# How's Seneca lake looking for fishing this weekend?



## sparkywest28 (Feb 27, 2005)

Hopping with all the rain I can get out to fish.


----------



## BABS (Feb 4, 2005)

Lake will be high and extremely muddy.


----------



## G3guy (Feb 21, 2013)

Right now the lake is 1 ft above summer pool. This evening water color was clear and no mud in sight. It would be very fishable for the next few days. The only way the dam end would get muddy is when the corp will open the gates and rip the spillway sucking the upper end water down. I'd comfortably say that from the twin islands down to the dam would be fishable.


----------



## sparkywest28 (Feb 27, 2005)

Thanks!


----------



## Greg McQuaid (Jun 28, 2016)

I'm headed there tomorrow! wonder what the shallows look like?


----------



## sparkywest28 (Feb 27, 2005)

Water looked great Saturday. The weather was cold.


----------



## Greg McQuaid (Jun 28, 2016)

Yea I was there also Sparkywest28. Water had good color to it. Thanks


----------



## sparkywest28 (Feb 27, 2005)

Do u think it will be muddy this weekend?


----------



## G3guy (Feb 21, 2013)

The corp has been running the spillway bank full. I'm sure it's bringing some of the mud down from the upper ends. But looking from the dam everything still looks good as of 11 am today.


----------



## sparkywest28 (Feb 27, 2005)

Is it still looking good?


----------



## G3guy (Feb 21, 2013)

I went across the dam a little while ago. I did see some mud working down from the twin islands but that's about as far as it has gotten.

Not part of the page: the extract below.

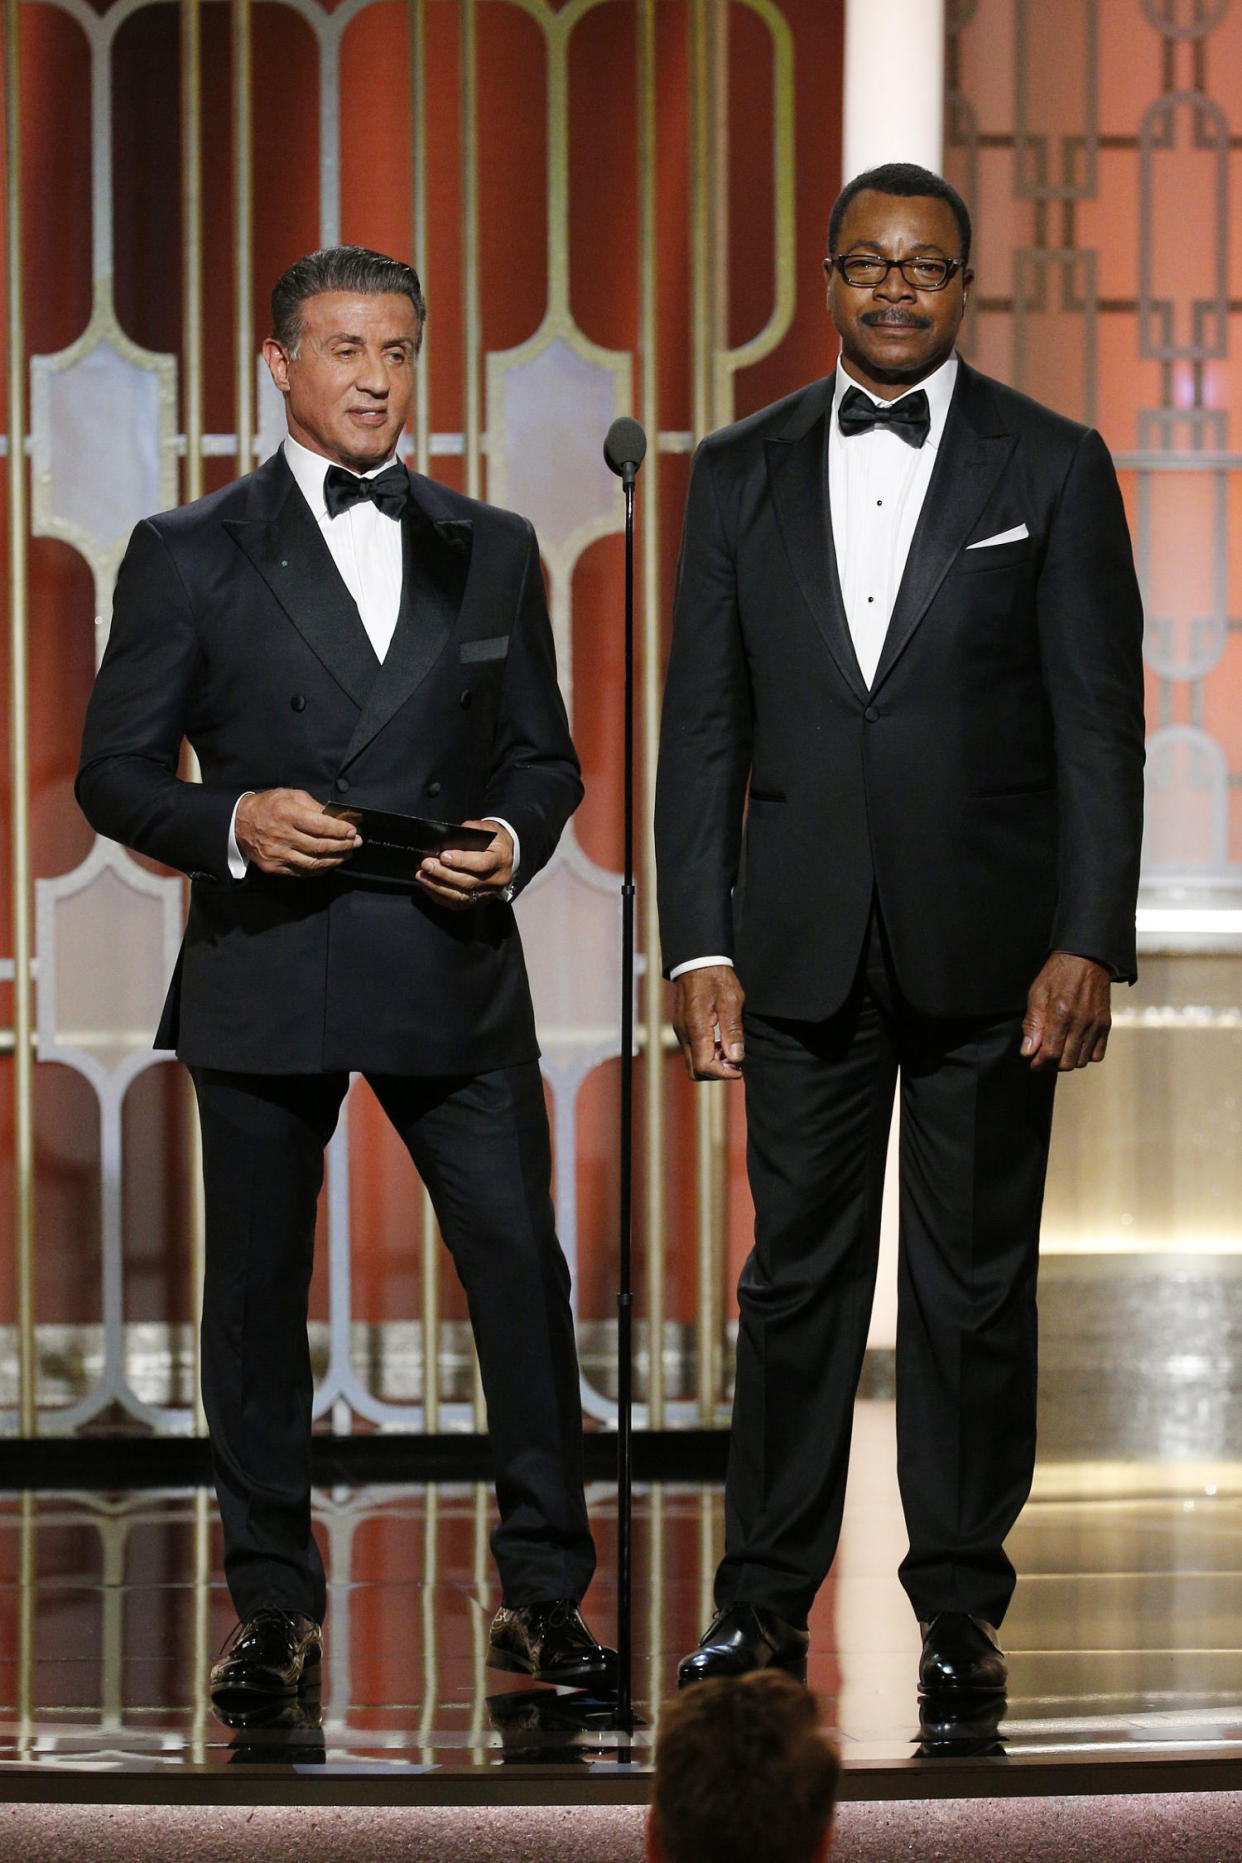 Sylvester Stallone and Carl Weathers, who co-starred in the 1977 Golden Globe Award-winning film

The lake is only 3 tenths high right now the corp dropped the spillway a little. I don't think the whole lake will be mud. I'm fishing it on Sunday


----------



## sparkywest28 (Feb 27, 2005)

Awesome info G3. Hopefully I can help you sometime . Thanks!


----------



## Guest (Apr 7, 2017)

Heading down tomorrow morning. Anyone catching saugeyes?


----------